DATA SHOWN:

-=-=-

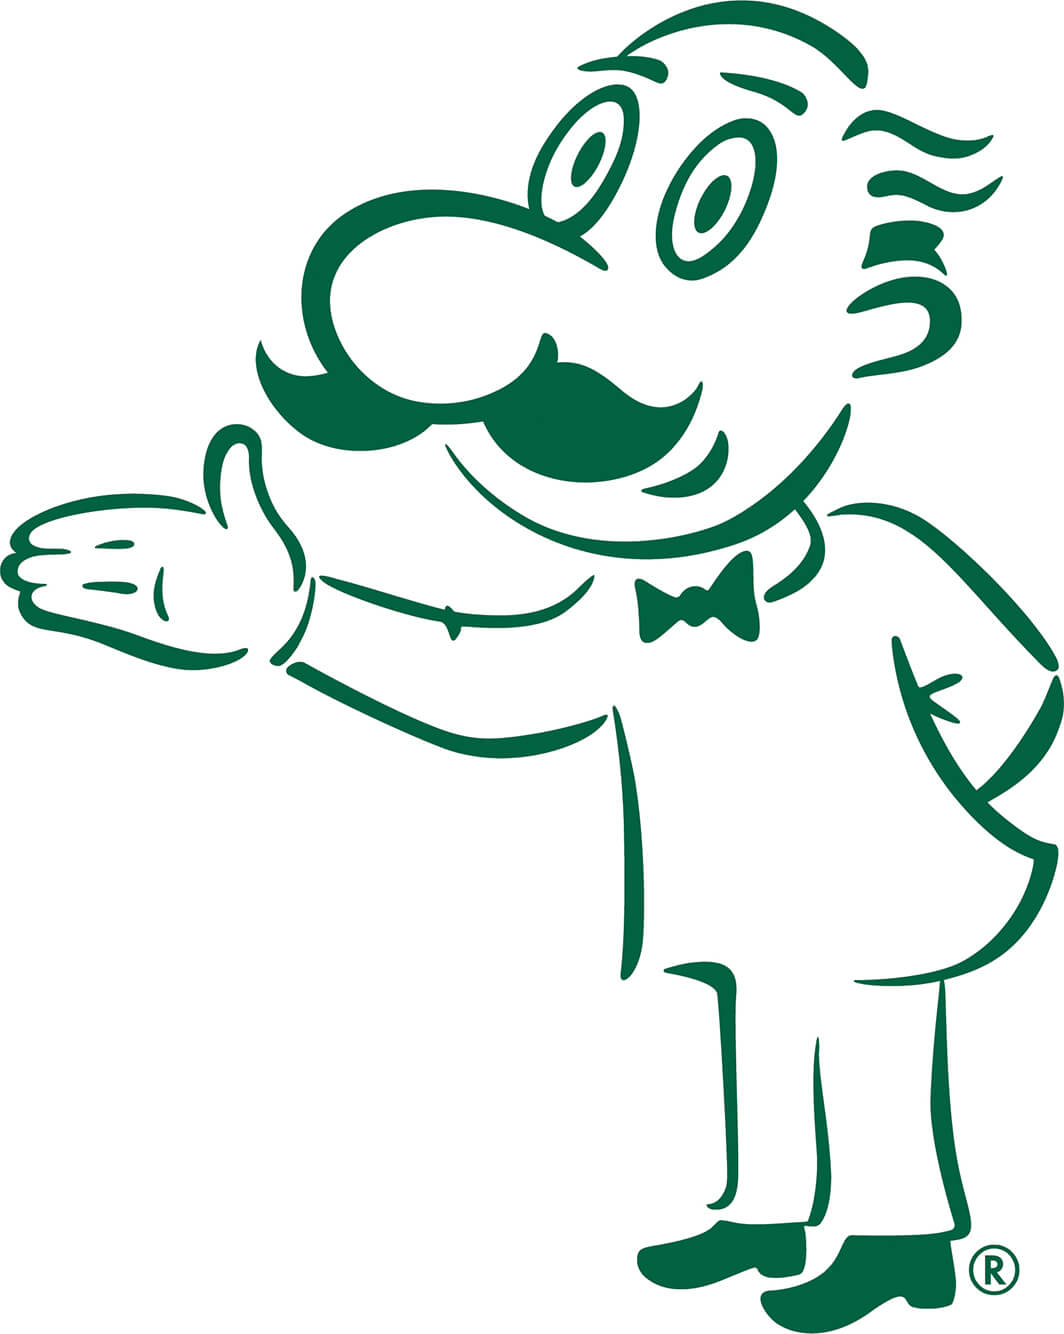 Luigi says pick your location!
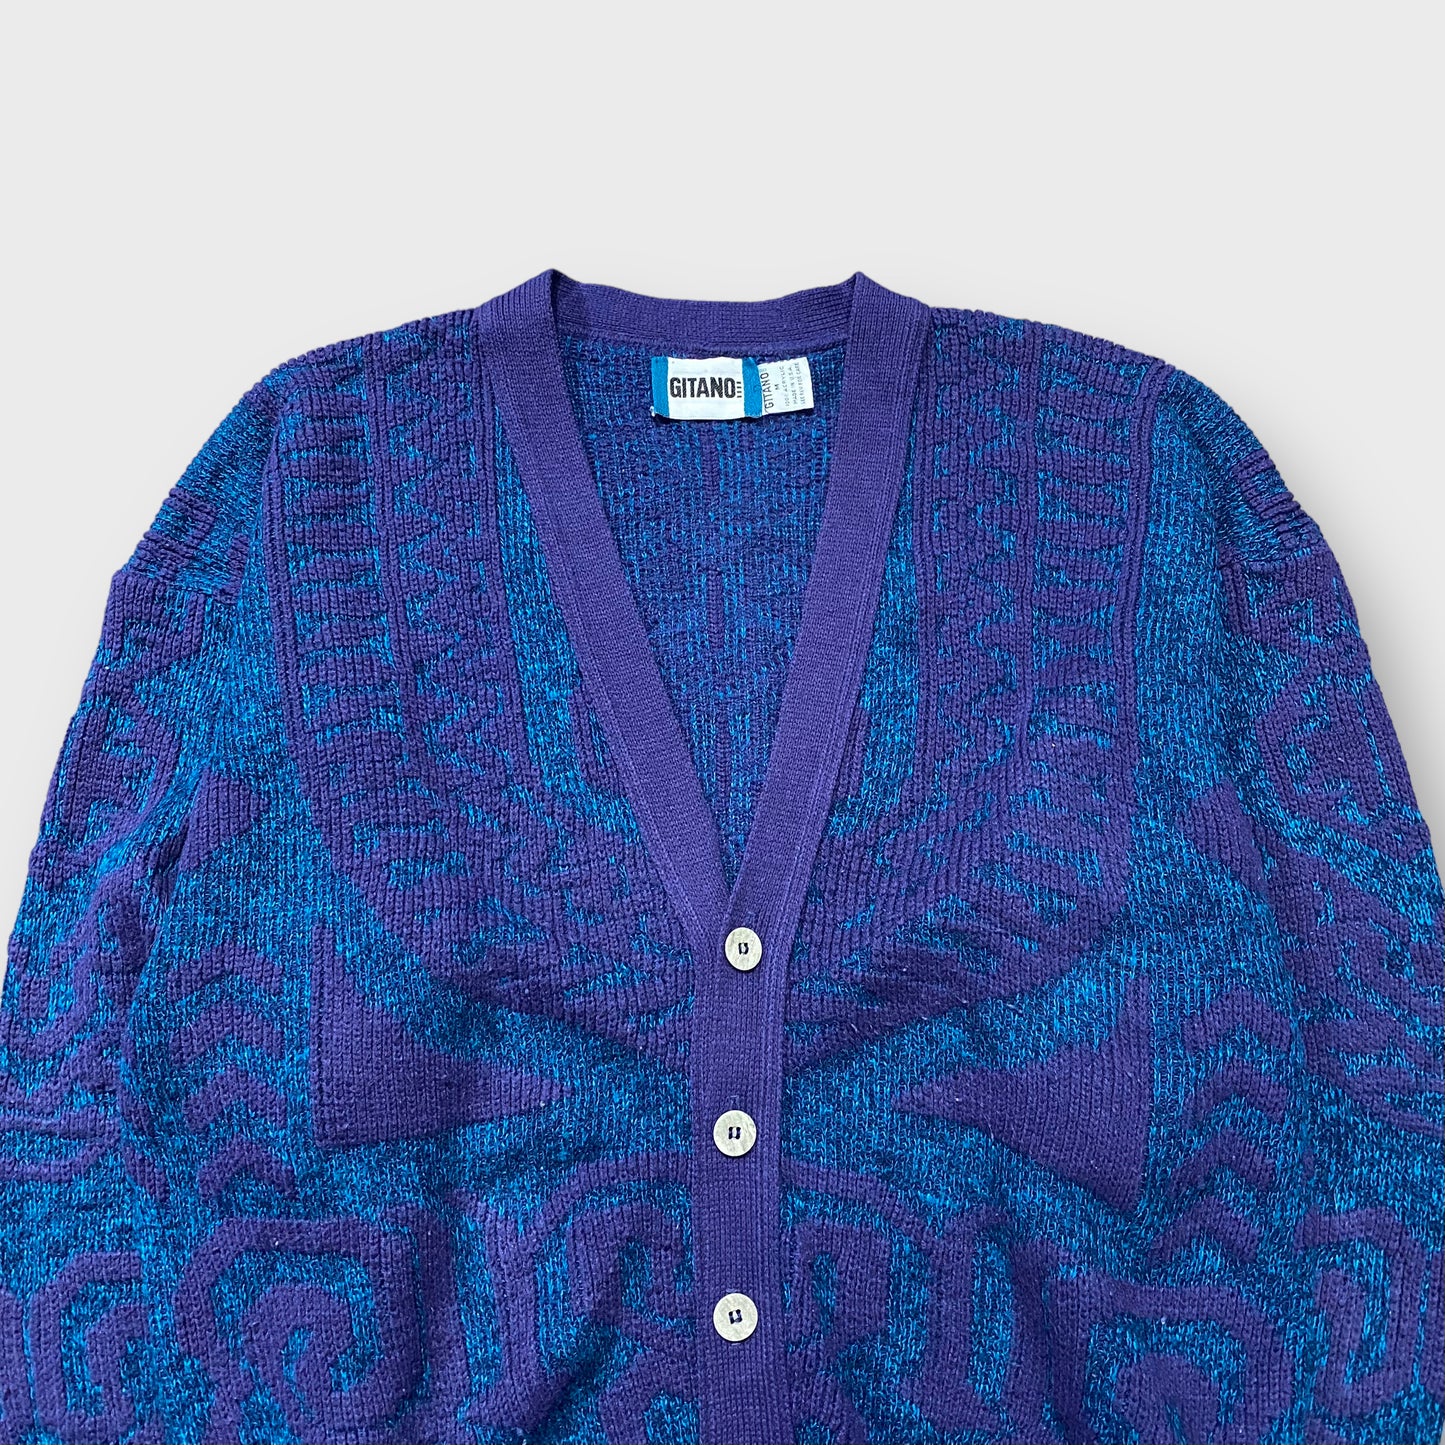 Pattern knit cardigan
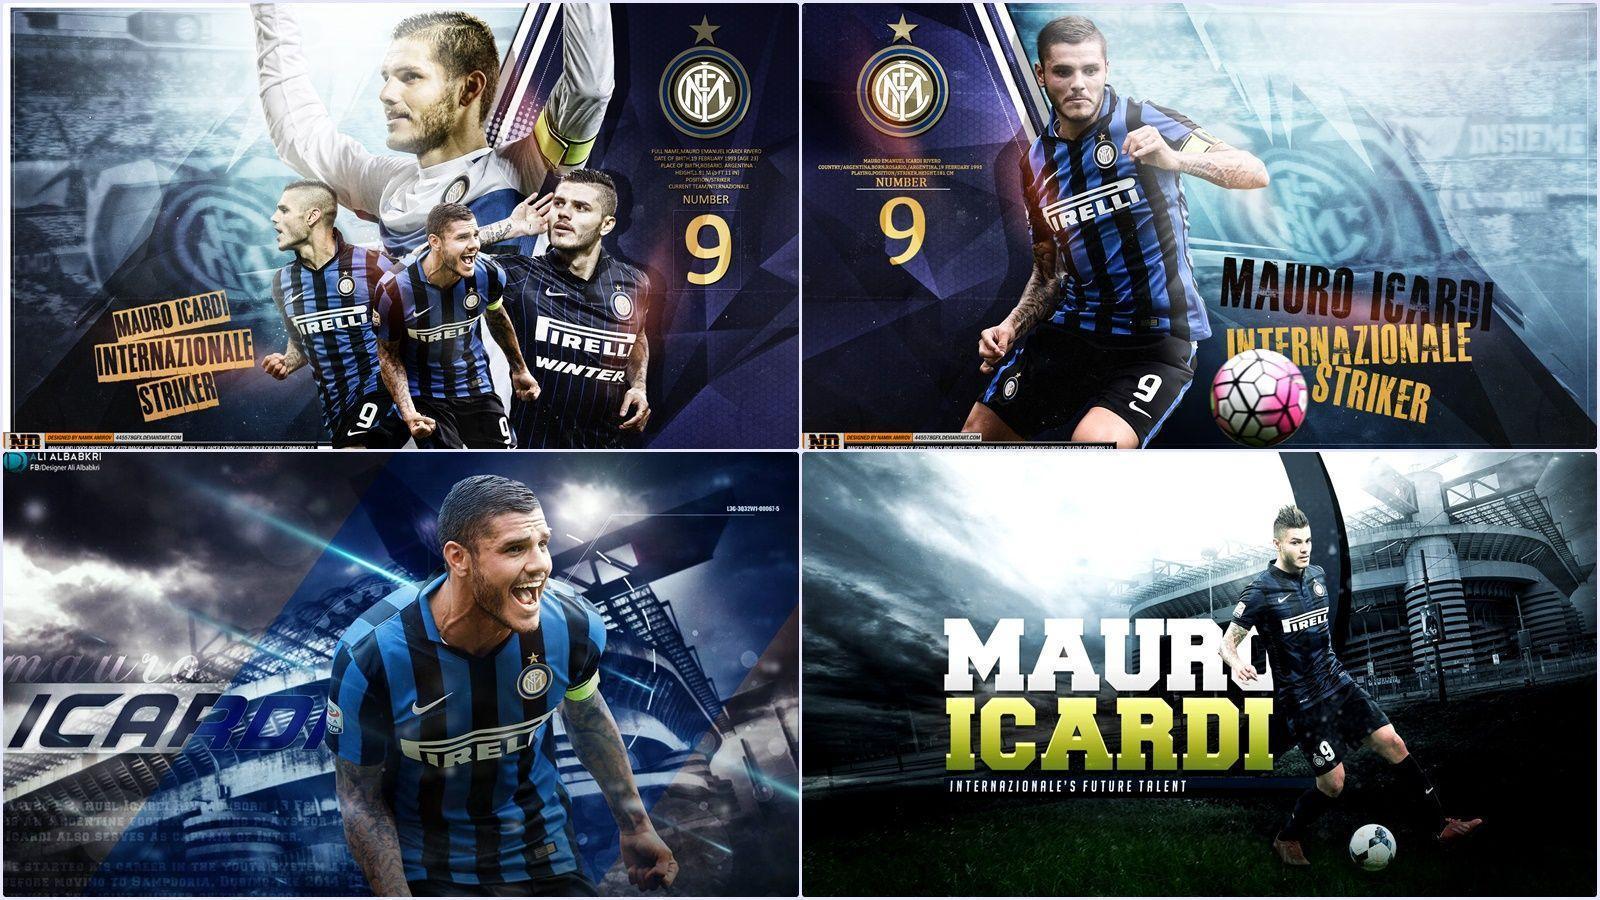 Amazing Mauro Icardi Wallpaper Internazionale Full HD 4K

-=-=-

TASK REQUIREMENTS: Would you return the data above exactly as written, minus the images?

REPLY:
 Luigi says pick your location!
 Pattern knit cardigan
 Amazing Mauro Icardi Wallpaper Internazionale Full HD 4K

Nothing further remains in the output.